Election protests are guided by an extra-ordinary rule of interpretation that statutes providing for
election contests are to be liberally construed to the end that the will of the people in the choice of
public officers may not be defeated by mere technical objections.12 For that reason, the Court sustains
the allowance by the COMELEC of Bollozos Intervention. It would have been explicitly anomalous had
Bollozos not been seated in the City Council, considering that her uncontested vote total had exceeded
that of Asuncion, the ninth (9th) placer according to the Second Division. The people of Gingoog City had
chosen Bollozos to serve as their councilor, and it was but proper for the COMELEC to recognize that
electoral will and accordingly amend the Second Division’s Resolution.

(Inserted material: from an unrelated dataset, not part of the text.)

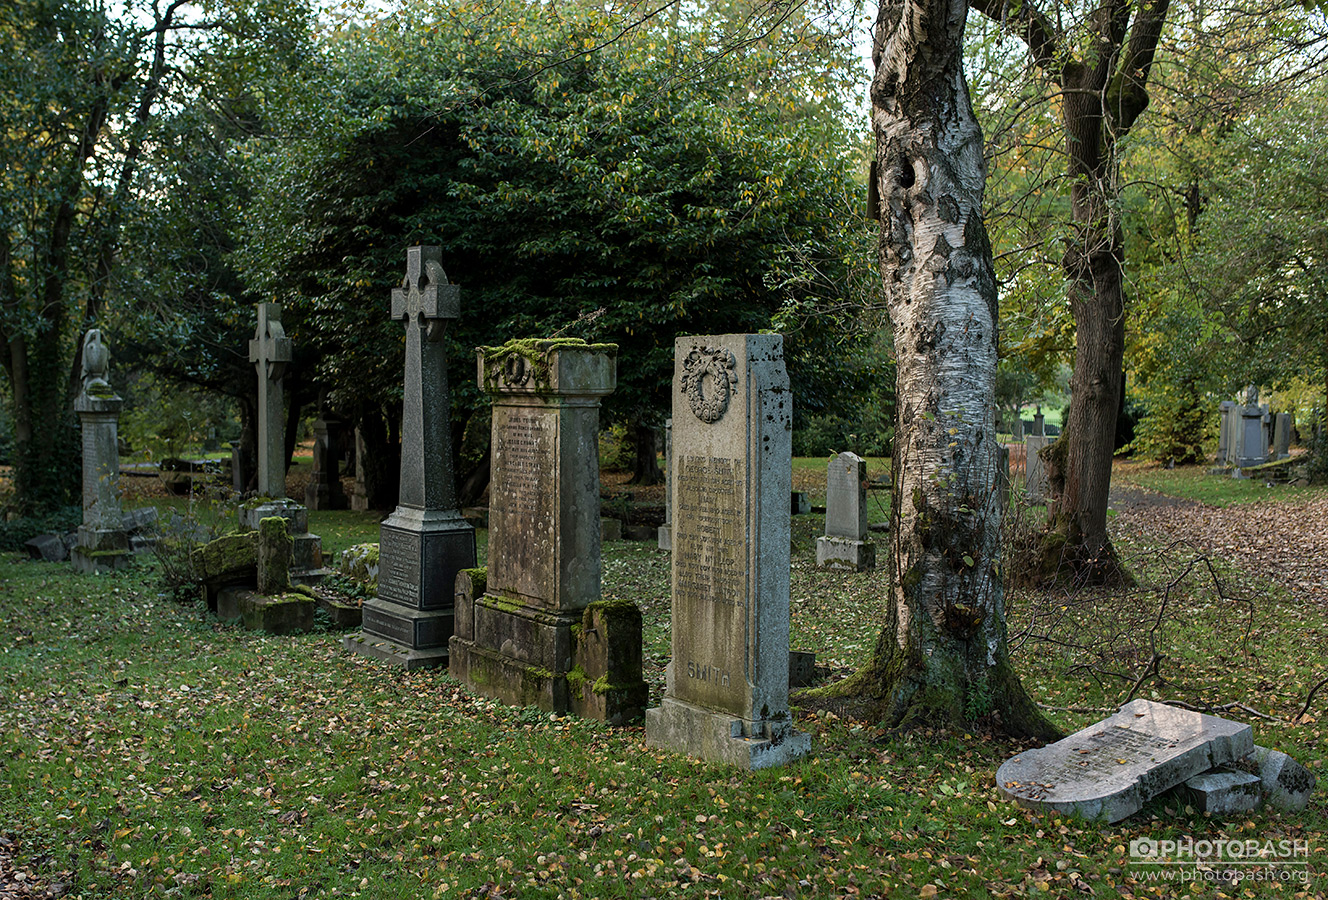 Scotland-Cemetery-Gothic-Gravestones.jpg

Besides, in allowing the Bollozos Intervention, the COMELEC did not stretch itself by applying an
overarching equitable principle that would have disturbed the judicially sedate. Statutory prescription
on the right to intervene in an election protest is provided only by the COMELEC Rules of Procedure,
particularly Rule 8, Section 1. The aforementioned rule does state that the motion for intervention be
filed before or during the trial of an action or proceeding.13 At the same time, the COMELEC Rules of
Procedure are to be construed liberally "in order to promote the effective and efficient implementation
of the objectives of ensuring the holding of free, orderly, honest, peaceful and credible elections and to
achieve just, expeditious and inexpensive determination and disposition of every action and proceeding"
before the COMELEC.14 The allowance of the motion for intervention was clearly geared towards
fostering honest, credible elections and a just outcome centered around the proper proclamation of a
candidate whom the voters have chosen to serve as their councilor.

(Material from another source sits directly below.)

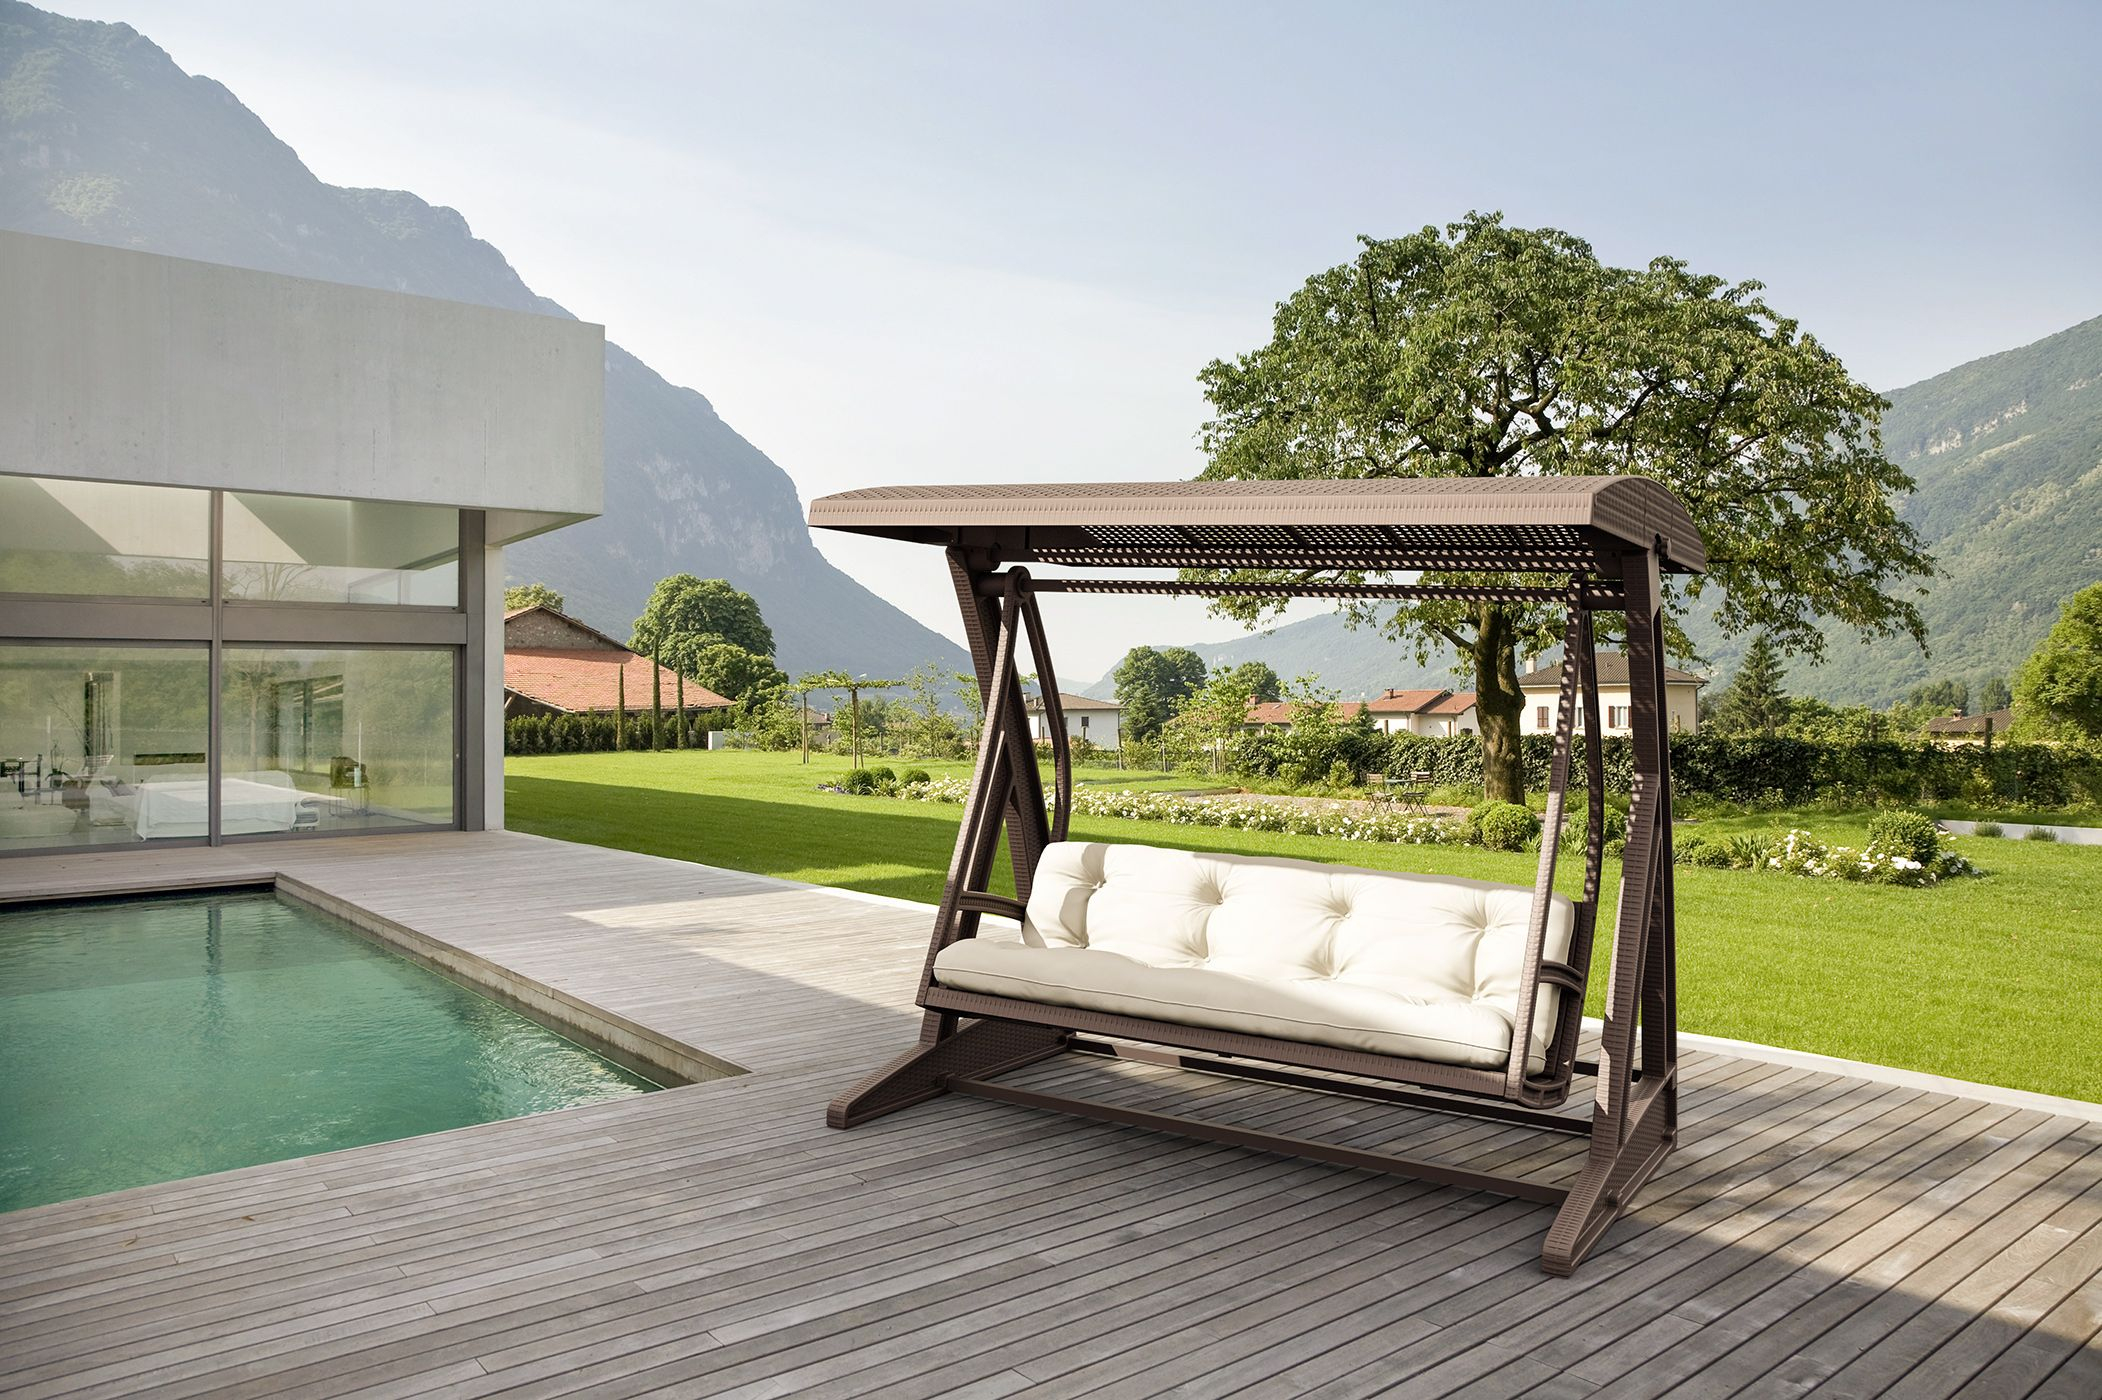 Kaliteli Ve Şık Bahçe Mobilyası Modelleri Lara Concept 'de ... serapportantà Bache Pour Salon De Jardin

Admittedly, the Rules of Court provides that a motion to intervene be filed at any time before rendition
of judgment of the trial court.15 However, the suppletory role of the Rules of Court in this case must be
dispensed with if its application would frustrate the electoral will. Further, as the Solicitor General points
out in his Comment filed in behalf of the COMELEC, the Court has, in exceptional cases, allowed
intervention notwithstanding the rendition of judgment by the trial court16, or even after the case had
become final and executory.17 The Court is not ordinarily predisposed, on account of broad claims of
equity, to disregard infractions of procedural rules. Yet election cases are of such an exceptional
character that the supervening State interest is to ensure that the true results of its elections are given
efficacy. We find that the COMELEC’s grant of the Bollozos Intervention is in accord with this superior
principle which is grounded on the imperative to seek and make the sovereign will of the people prevail.

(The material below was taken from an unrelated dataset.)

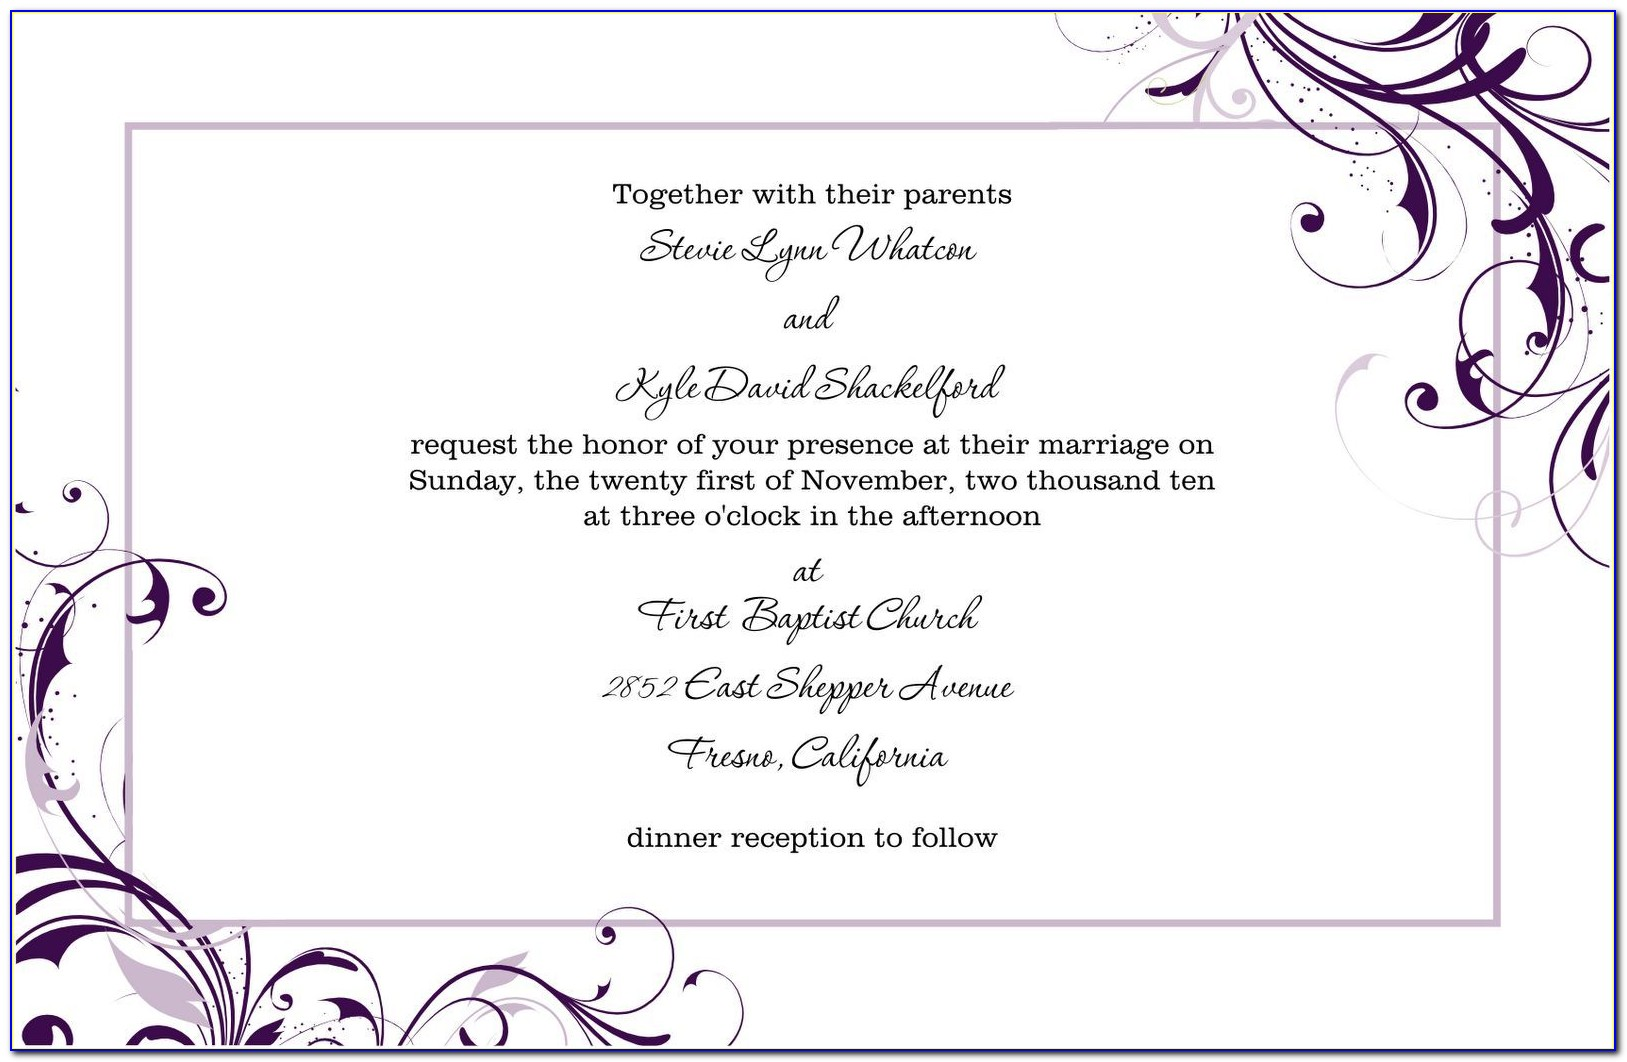 Formal Invitation Template Microsoft Word

Finally, none of the parties question the COMELEC En Banc’s declaration of vacancy of the tenth (10th)
seat in the Sangguniang Panglungsod of Gingoog City on the premise that the tenth (10th) placer
Asuncion’s subsequent active candidacy and election as Punong Barangay should be deemed an
abandonment of his protest. In so holding, the COMELEC En Banc cited the Court’s majority opinion in
the case of Defensor-Santiago v. Ramos.18 The parties adduced no compelling reason for the Court to
disturb this conclusion of the COMELEC. At the same time, the eleventh (11th) placer Garcia cannot be
elevated to the tenth (10th) spot, for the simple reason that the electorate of Gingoog City did not elect
him as one of the ten (10) city councilors.

WHEREFORE, the petition is DISMISSED for lack of merit.

SO ORDERED.

Davide, Jr., Puno, Vitug, Panganiban, Quisumbing, Ynares-Santiago, Sandoval-Gutierrez, Carpio, Austria-
Martinez, Corona, Carpio-Morales, Callejo, Sr., and Azcuna, JJ., concur.